Reputation: 1262
I want to create Parquet file with data of unknown format at compilation time. I'm getting schema as a text later on and I know that some columns contain date with time. I want to do this using Spark and Java. So I followed http://spark.apache.org/docs/1.2.1/sql-programming-guide.html#programmatically-specifying-the-schema and created schema with proper types. I tried to use Spark's DataType.TimestampType
and DataType.DateType
for date like columns. But neither of them is working. When I try to save the file with JavaSchemaRDD.saveAsParquetFile
I'm getting the error Unsupported datatype
+ the type that I tried for date. I tried this with emptyRDD
so there isn't any trouble with data conversion.

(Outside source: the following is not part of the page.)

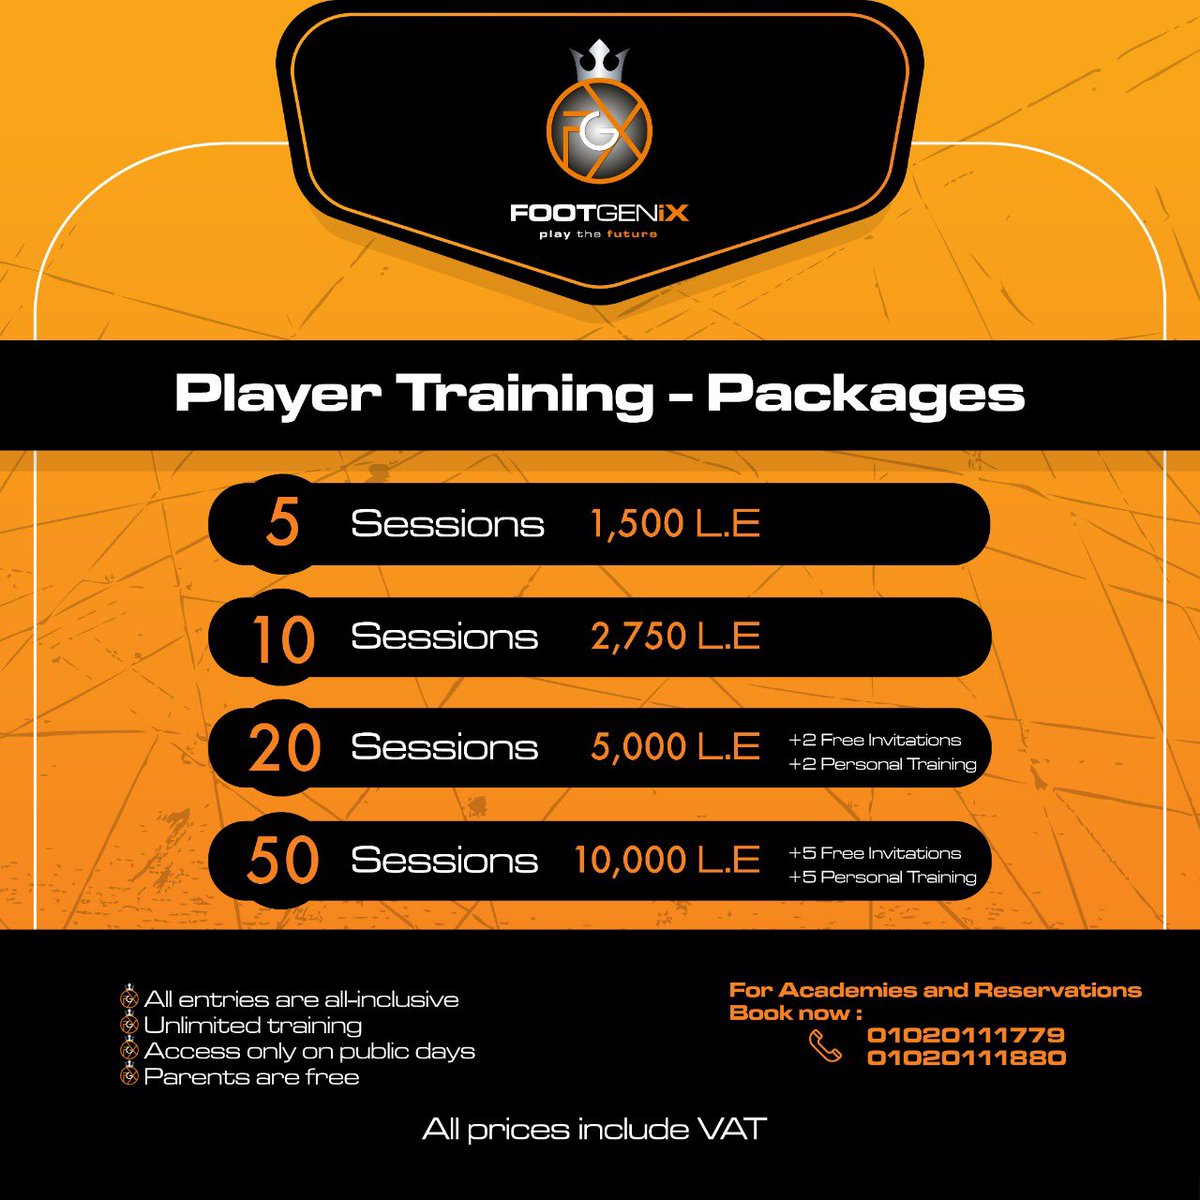 FOOTGENiX Player Training Packages Prices; Change your game by changing the way you train 🏟⚽️🟠⚫️ 

#playthefuture #football #footballchallenge￼￼￼ #footballgame #footballfacility #egypt #footballtraining #cognitivetraining #passthepower #inspirethepassion #footballtraining

After looking into: http://parquet.incubator.apache.org/documentation/latest/ and https://github.com/Parquet/parquet-format/blob/master/LogicalTypes.md I think that I need to convert the data into some integer/long type and inform about the fact that they represent Date. If so, how can I do this in Spark? Or maybe I need to do something else?
Upvotes: 4
Views: 9446
Reputation: 90
I'm facing exactly the same issue. It seems that DateType and Timestamp support for Parquet file will be added in Spark 1.3 (More info in https://github.com/apache/spark/pull/3820 and https://issues.apache.org/jira/browse/SPARK-4709).
Spark will use the INT96 type of Parquet to store Timestamp type (just like Impala).
Upvotes: 4